RECORDS PROVIDED:
****************

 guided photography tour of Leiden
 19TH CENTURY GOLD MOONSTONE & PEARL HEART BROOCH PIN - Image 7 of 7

****************

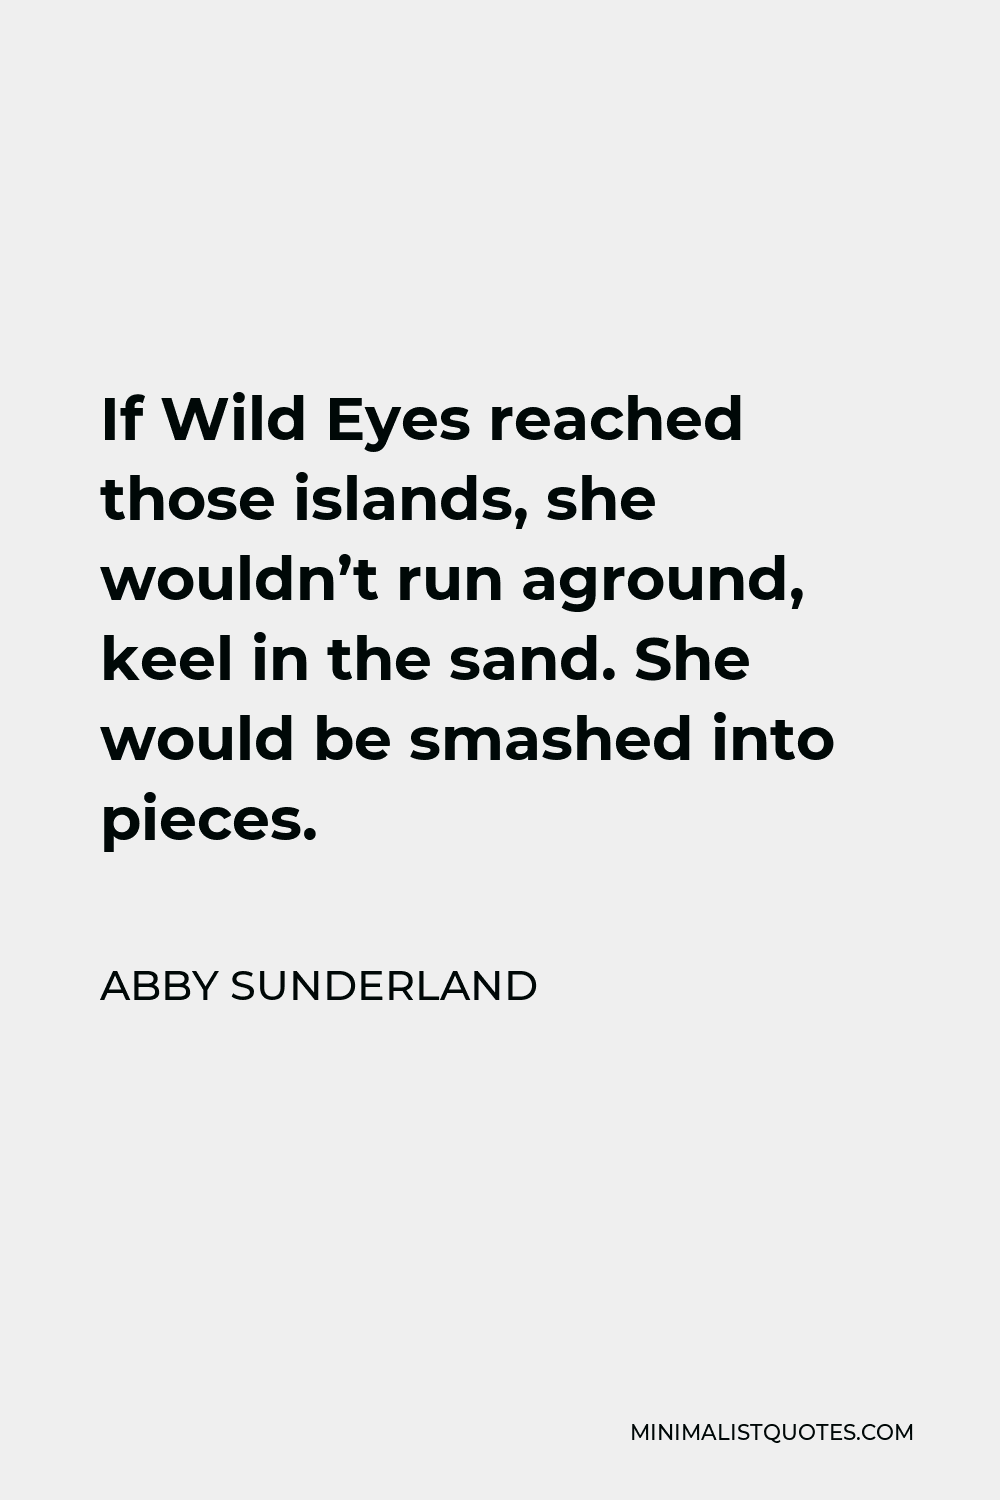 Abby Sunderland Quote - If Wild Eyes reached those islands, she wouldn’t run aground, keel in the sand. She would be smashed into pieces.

****************

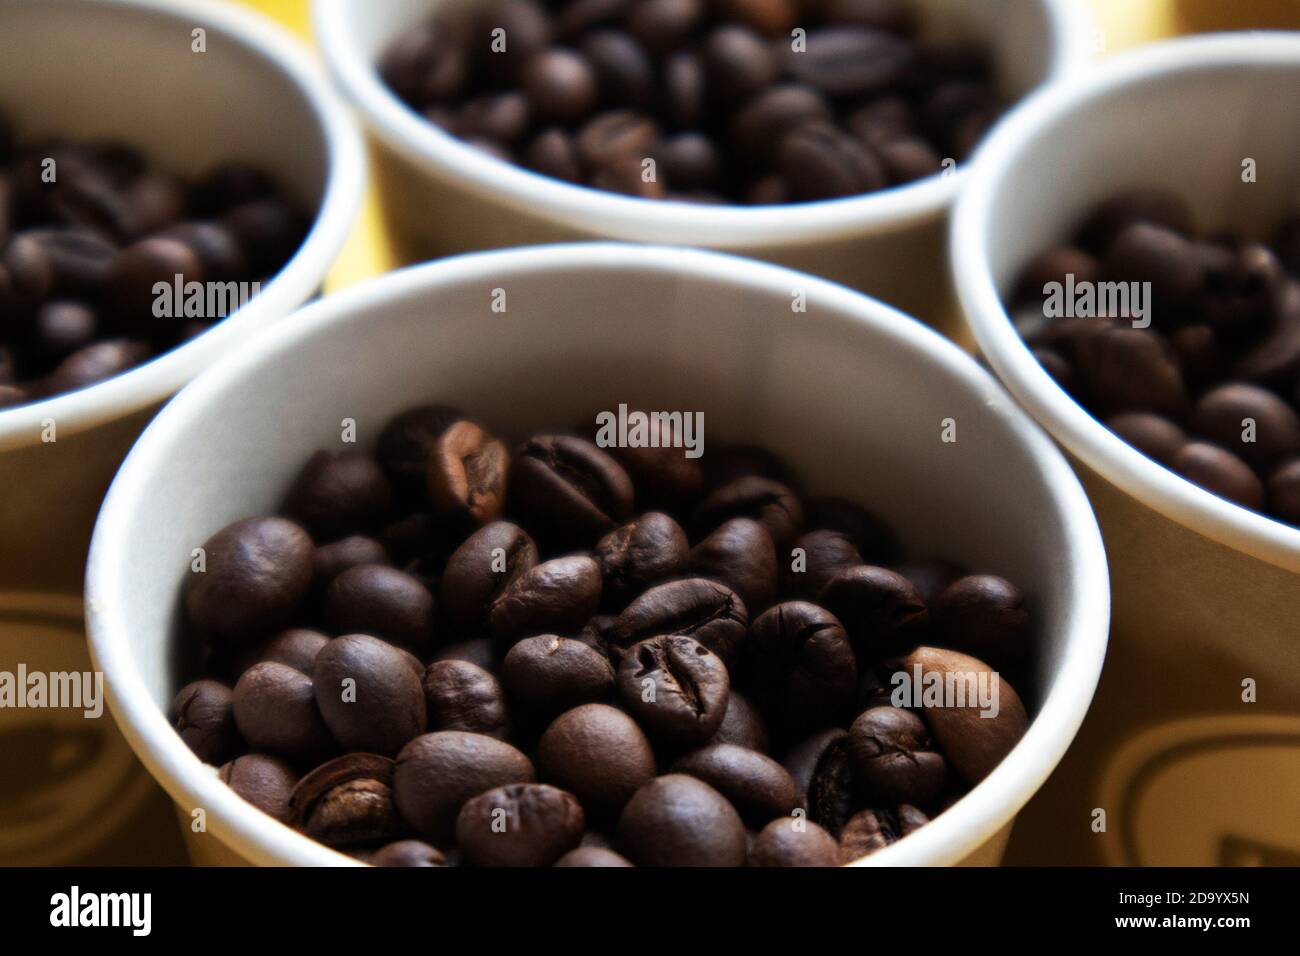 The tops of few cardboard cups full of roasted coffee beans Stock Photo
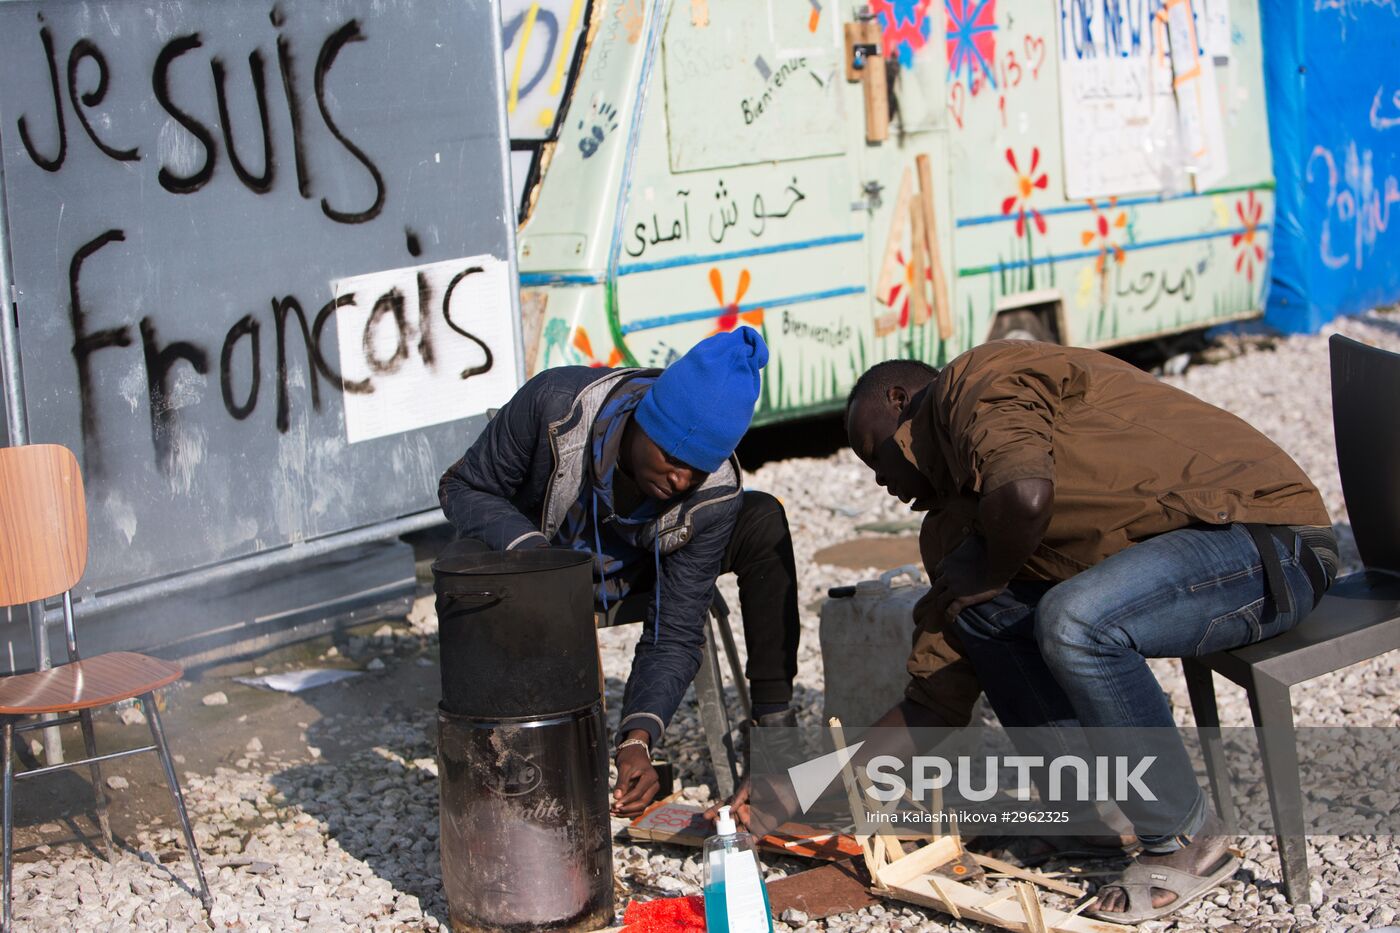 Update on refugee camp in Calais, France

****************

WORK ITEM: Output, from the data above, the lines from the line with "guided photography tour of Leiden" to the line with "19TH CENTURY GOLD" exactly as they stand, both ends included and nothing else.

RESULT OF THIS TASK:
 guided photography tour of Leiden
 19TH CENTURY GOLD MOONSTONE & PEARL HEART BROOCH PIN - Image 7 of 7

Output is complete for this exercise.